Theres a simple truth: The shorter your sleep, the shorter your life.Walker, 2019
Top clubs and organisations are starting to become wise towards the advantages of sleep, going against the grain of past thinking where the philosophy was very much ‘sleep is for wimps’
Nike and Google have both adopted a more relaxed approach to work schedules, so much so that they even allow workers to sleep on the job. Throughout their corporate headquarters are dedicated relaxation rooms with nap pods (Walker, 2017). Clubs such as Manchester United, Chelsea and Real Madrid are also recruiting “sleep coaches” and have added sleeping areas to nap in-between training sessions (Edgley, 2017).
Sleep Effects on Injuries
There is strong evidence to suggest that the less sleep a player gets, the more likely they are to be injured.
From Milewski et al, 2014
Athletes who slept on average less than 8 hours per night were 1.7 times more likely to have had an injury compared with athletes who slept for more than 8 hours (Milewski et al, 2014). Even just a 2 hour increase/decrease in sleep made a significant difference.
This is one of the many vital benefits of sleep within sport and wellness.
Players also tend to lose many weeks of the year through illness (Ranchordas, 2016).
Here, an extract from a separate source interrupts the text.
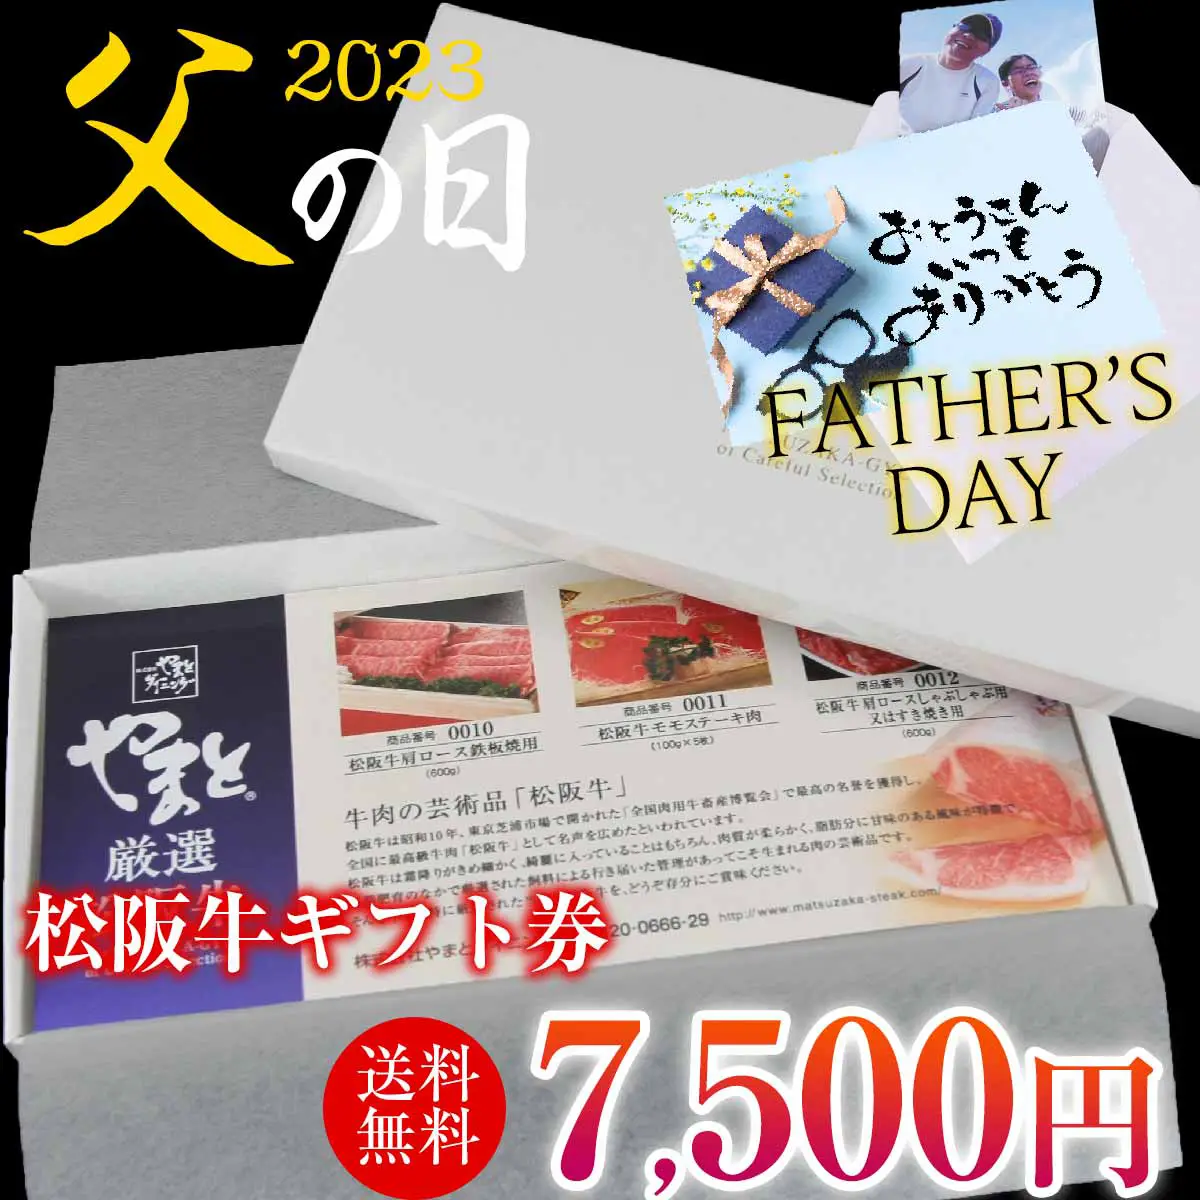 【父の日】松阪牛お肉のギフト券Bタイプ
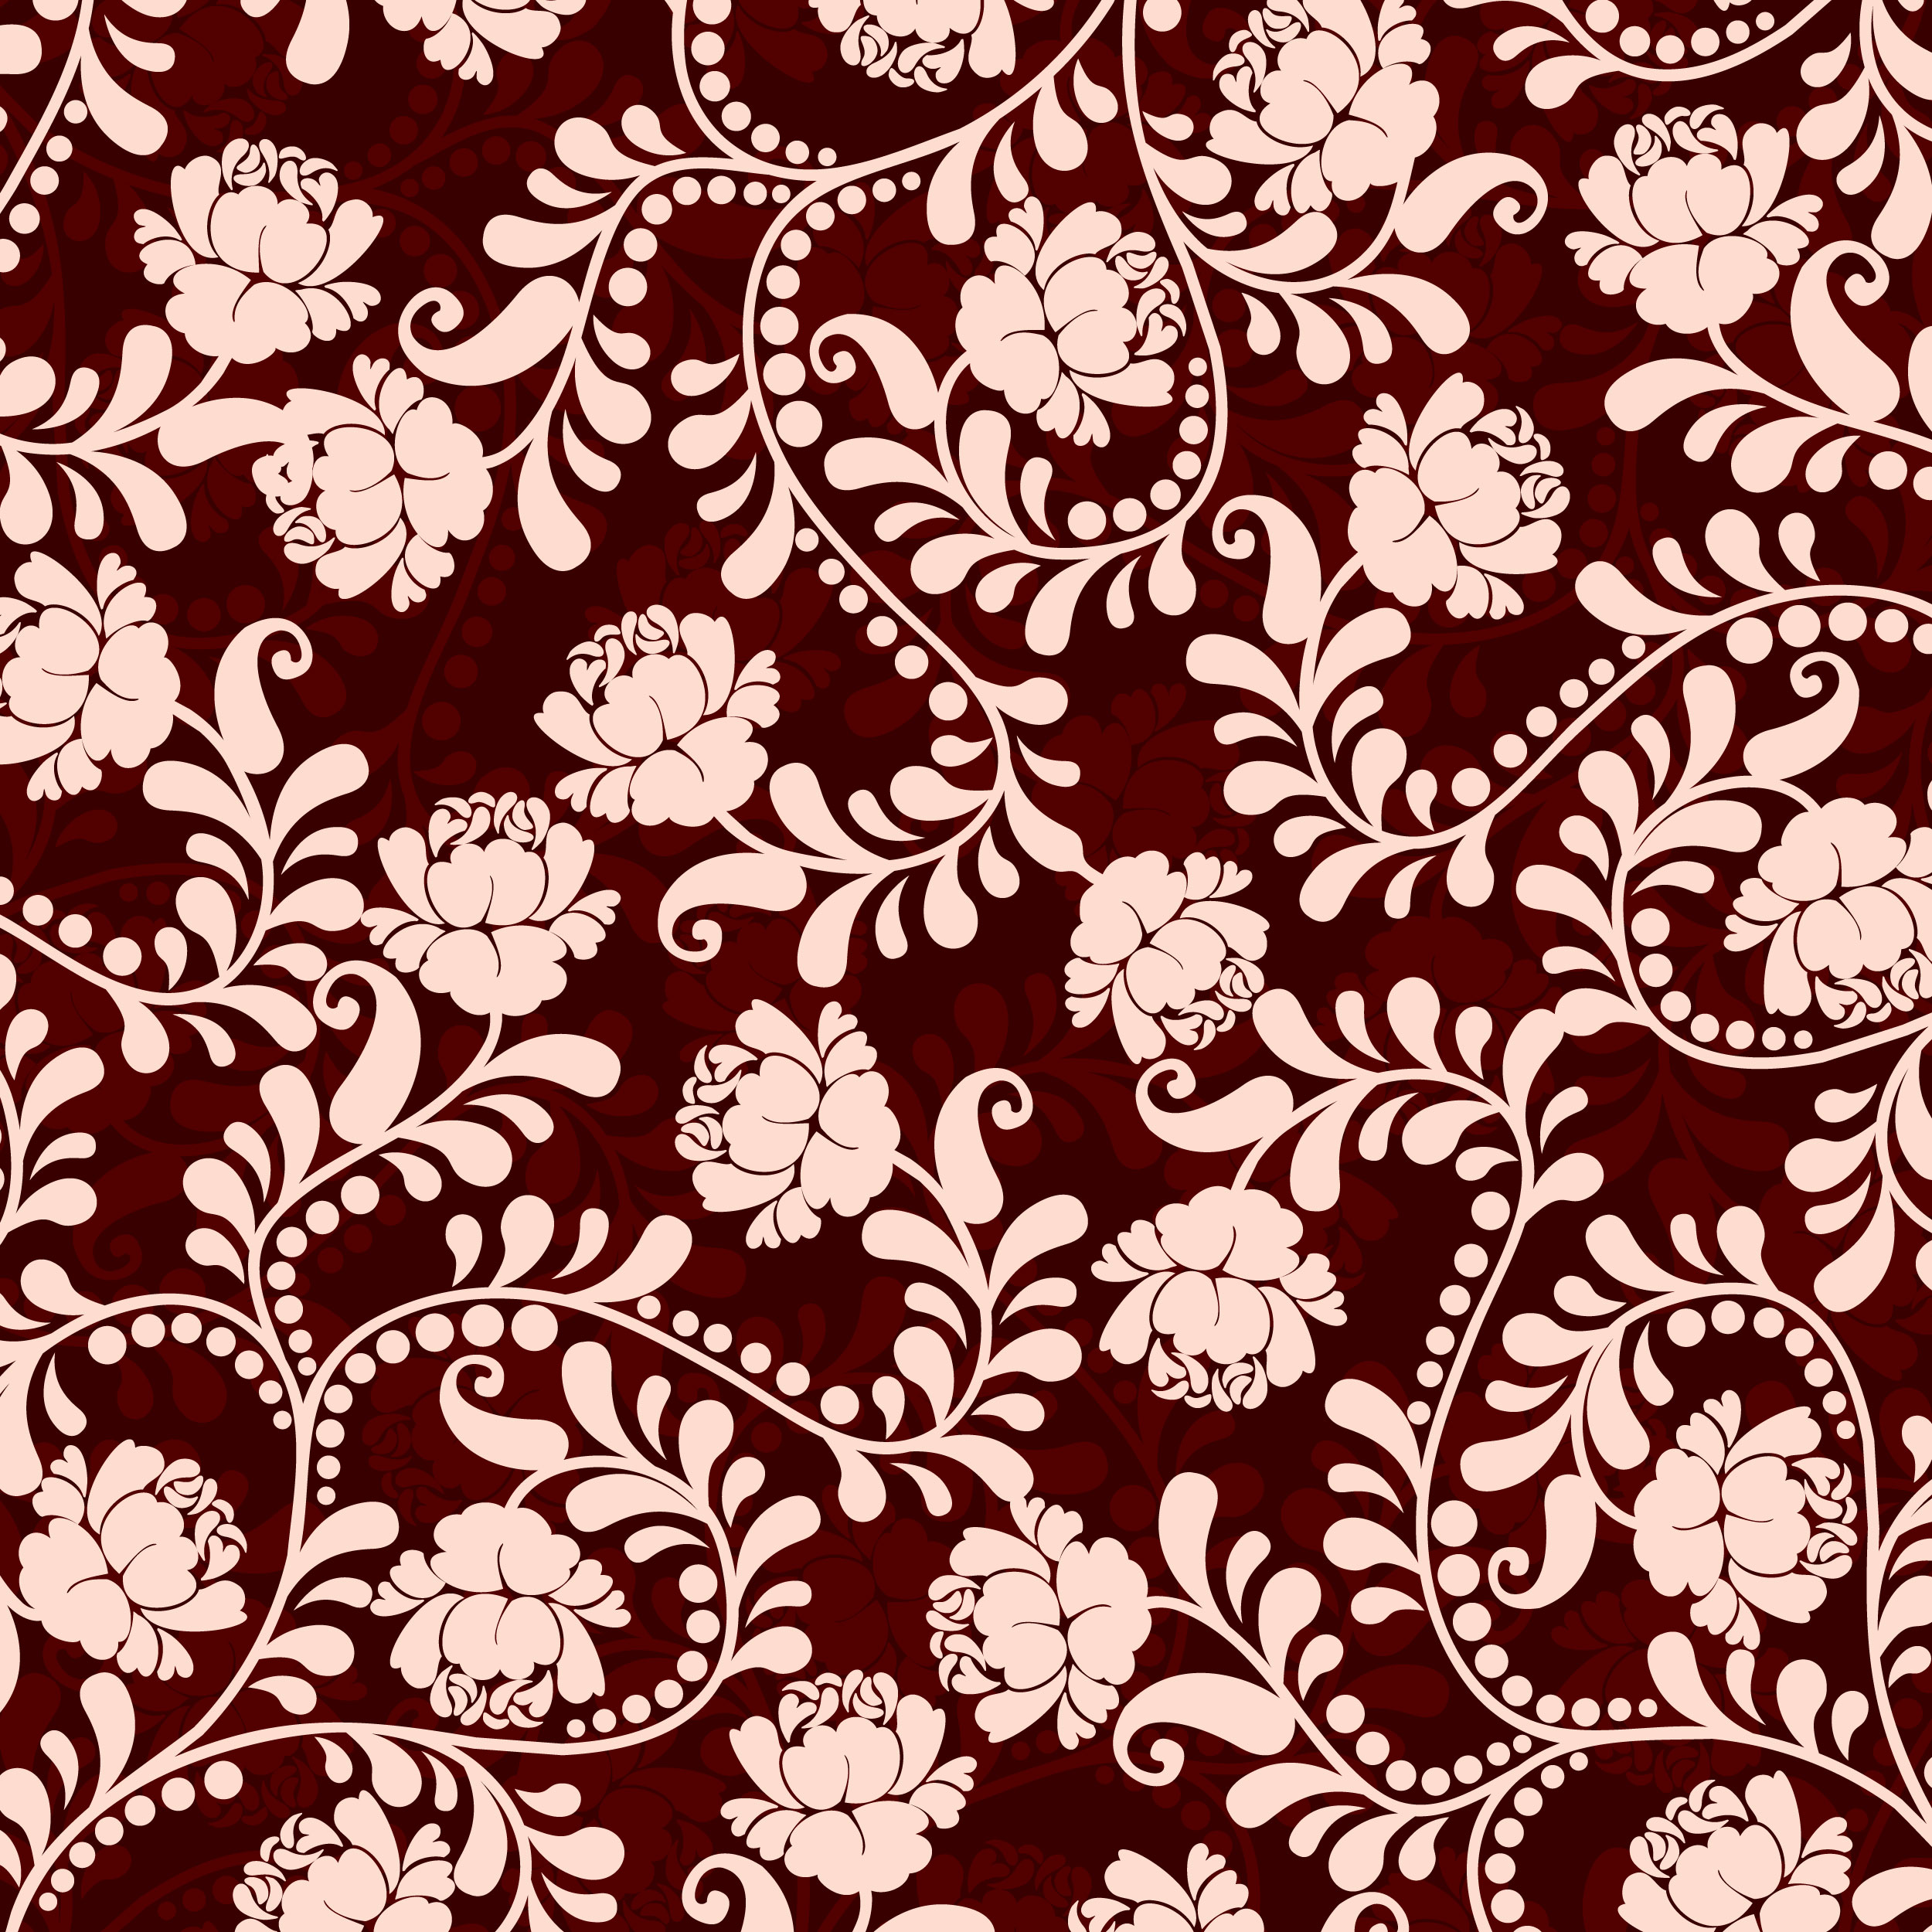 壁紙 背景イラスト 花の模様 柄 パターン No 014 ピンク 茎葉 赤背景

Regular good quality sleep boosts the immune system meaning fewer illnesses (Walker, 2017;Pink, 2018) and more time in training and matches.
Sleep Effects on Learning
People who get 7/8 hours of sleep have a more active hippocampus, meaning they are able to learn and retain information more effectively (Walker, 2019).
Concentration and memory retention are increased after sleep, meaning that you will take in more information, and any skills you learn will be remembered more effectively (Ellenbogen et al, 2006).
When possible for players, take a nap after training if training is in the morning, this way it’ll not only help your physical recovery (Duckworth, 2016), it’ll also help you retain any information you received in training.
Sleep Effects on Mood
Sleep has been shown to make people happier, more positive and have better relationship interactions; whilst a lack of sleep leads to less productivity, less motivation, less creativity, lower mood, laziness, and it also leads to more unethical behaviour (Walker, 2017).
Therefore good quality sleep is beneficial for players in order to form friendships and understandings with teammates.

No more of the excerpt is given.